**WHAT IS EXPECTED**
Which lines come from the start of the records through the line that holds "Giyilebilir Dövme 3"? Write them out word for word.
═══ PROVIDED RECORDS ═══
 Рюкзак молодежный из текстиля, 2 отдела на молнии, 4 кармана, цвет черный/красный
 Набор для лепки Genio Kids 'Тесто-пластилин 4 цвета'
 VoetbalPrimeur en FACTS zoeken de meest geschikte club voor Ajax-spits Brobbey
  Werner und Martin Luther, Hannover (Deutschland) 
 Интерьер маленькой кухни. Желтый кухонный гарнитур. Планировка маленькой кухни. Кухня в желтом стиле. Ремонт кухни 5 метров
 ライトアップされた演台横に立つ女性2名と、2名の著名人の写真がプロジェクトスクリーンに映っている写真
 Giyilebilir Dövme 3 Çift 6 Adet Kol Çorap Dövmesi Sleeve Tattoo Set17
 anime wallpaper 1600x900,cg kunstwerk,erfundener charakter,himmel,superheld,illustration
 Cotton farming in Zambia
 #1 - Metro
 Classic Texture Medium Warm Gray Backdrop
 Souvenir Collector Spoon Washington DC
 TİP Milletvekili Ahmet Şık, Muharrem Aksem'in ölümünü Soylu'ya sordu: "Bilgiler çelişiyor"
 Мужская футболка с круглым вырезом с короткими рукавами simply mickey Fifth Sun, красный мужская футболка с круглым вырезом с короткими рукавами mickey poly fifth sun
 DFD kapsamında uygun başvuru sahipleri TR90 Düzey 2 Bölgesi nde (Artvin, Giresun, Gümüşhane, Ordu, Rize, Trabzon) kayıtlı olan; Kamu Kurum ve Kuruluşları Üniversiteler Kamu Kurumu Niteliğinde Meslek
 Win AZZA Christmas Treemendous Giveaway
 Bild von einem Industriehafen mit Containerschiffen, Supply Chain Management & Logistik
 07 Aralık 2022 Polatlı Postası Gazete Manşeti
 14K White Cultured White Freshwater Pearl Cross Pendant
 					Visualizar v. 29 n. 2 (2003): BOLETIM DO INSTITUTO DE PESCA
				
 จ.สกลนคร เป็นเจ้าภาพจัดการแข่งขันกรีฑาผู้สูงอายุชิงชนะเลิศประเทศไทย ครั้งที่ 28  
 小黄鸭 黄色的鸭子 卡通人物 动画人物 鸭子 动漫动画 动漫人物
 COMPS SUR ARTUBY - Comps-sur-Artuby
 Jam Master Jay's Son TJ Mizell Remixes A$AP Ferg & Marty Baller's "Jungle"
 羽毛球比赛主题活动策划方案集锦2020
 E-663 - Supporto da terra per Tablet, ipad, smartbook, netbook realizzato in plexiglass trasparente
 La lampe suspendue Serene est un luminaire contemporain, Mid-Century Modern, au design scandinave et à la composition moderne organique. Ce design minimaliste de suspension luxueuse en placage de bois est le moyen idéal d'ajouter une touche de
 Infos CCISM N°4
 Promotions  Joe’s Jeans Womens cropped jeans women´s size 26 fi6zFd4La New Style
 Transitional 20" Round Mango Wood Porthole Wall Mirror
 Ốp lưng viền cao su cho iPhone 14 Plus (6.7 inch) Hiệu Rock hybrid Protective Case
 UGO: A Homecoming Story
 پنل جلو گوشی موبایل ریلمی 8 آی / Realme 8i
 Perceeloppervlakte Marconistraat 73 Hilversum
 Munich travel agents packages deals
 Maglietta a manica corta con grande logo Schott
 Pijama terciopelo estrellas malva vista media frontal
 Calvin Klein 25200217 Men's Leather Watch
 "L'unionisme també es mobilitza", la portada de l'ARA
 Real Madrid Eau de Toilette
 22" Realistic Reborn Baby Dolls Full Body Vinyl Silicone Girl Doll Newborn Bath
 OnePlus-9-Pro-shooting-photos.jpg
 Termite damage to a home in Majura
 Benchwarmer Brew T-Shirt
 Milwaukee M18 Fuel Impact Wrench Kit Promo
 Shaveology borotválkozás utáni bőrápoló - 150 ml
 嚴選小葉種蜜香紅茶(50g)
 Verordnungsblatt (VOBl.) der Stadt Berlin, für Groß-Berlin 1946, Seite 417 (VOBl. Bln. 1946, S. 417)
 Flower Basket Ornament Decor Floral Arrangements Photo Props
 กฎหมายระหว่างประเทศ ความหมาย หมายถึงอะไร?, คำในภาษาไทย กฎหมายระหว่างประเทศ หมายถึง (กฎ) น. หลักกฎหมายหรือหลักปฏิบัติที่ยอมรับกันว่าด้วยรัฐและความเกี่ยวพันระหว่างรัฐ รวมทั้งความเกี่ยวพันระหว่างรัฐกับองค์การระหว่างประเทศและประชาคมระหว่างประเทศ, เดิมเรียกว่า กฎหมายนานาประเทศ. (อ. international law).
═══
**EXERCISE SOLUTION**
 Рюкзак молодежный из текстиля, 2 отдела на молнии, 4 кармана, цвет черный/красный
 Набор для лепки Genio Kids 'Тесто-пластилин 4 цвета'
 VoetbalPrimeur en FACTS zoeken de meest geschikte club voor Ajax-spits Brobbey
  Werner und Martin Luther, Hannover (Deutschland) 
 Интерьер маленькой кухни. Желтый кухонный гарнитур. Планировка маленькой кухни. Кухня в желтом стиле. Ремонт кухни 5 метров
 ライトアップされた演台横に立つ女性2名と、2名の著名人の写真がプロジェクトスクリーンに映っている写真
 Giyilebilir Dövme 3 Çift 6 Adet Kol Çorap Dövmesi Sleeve Tattoo Set17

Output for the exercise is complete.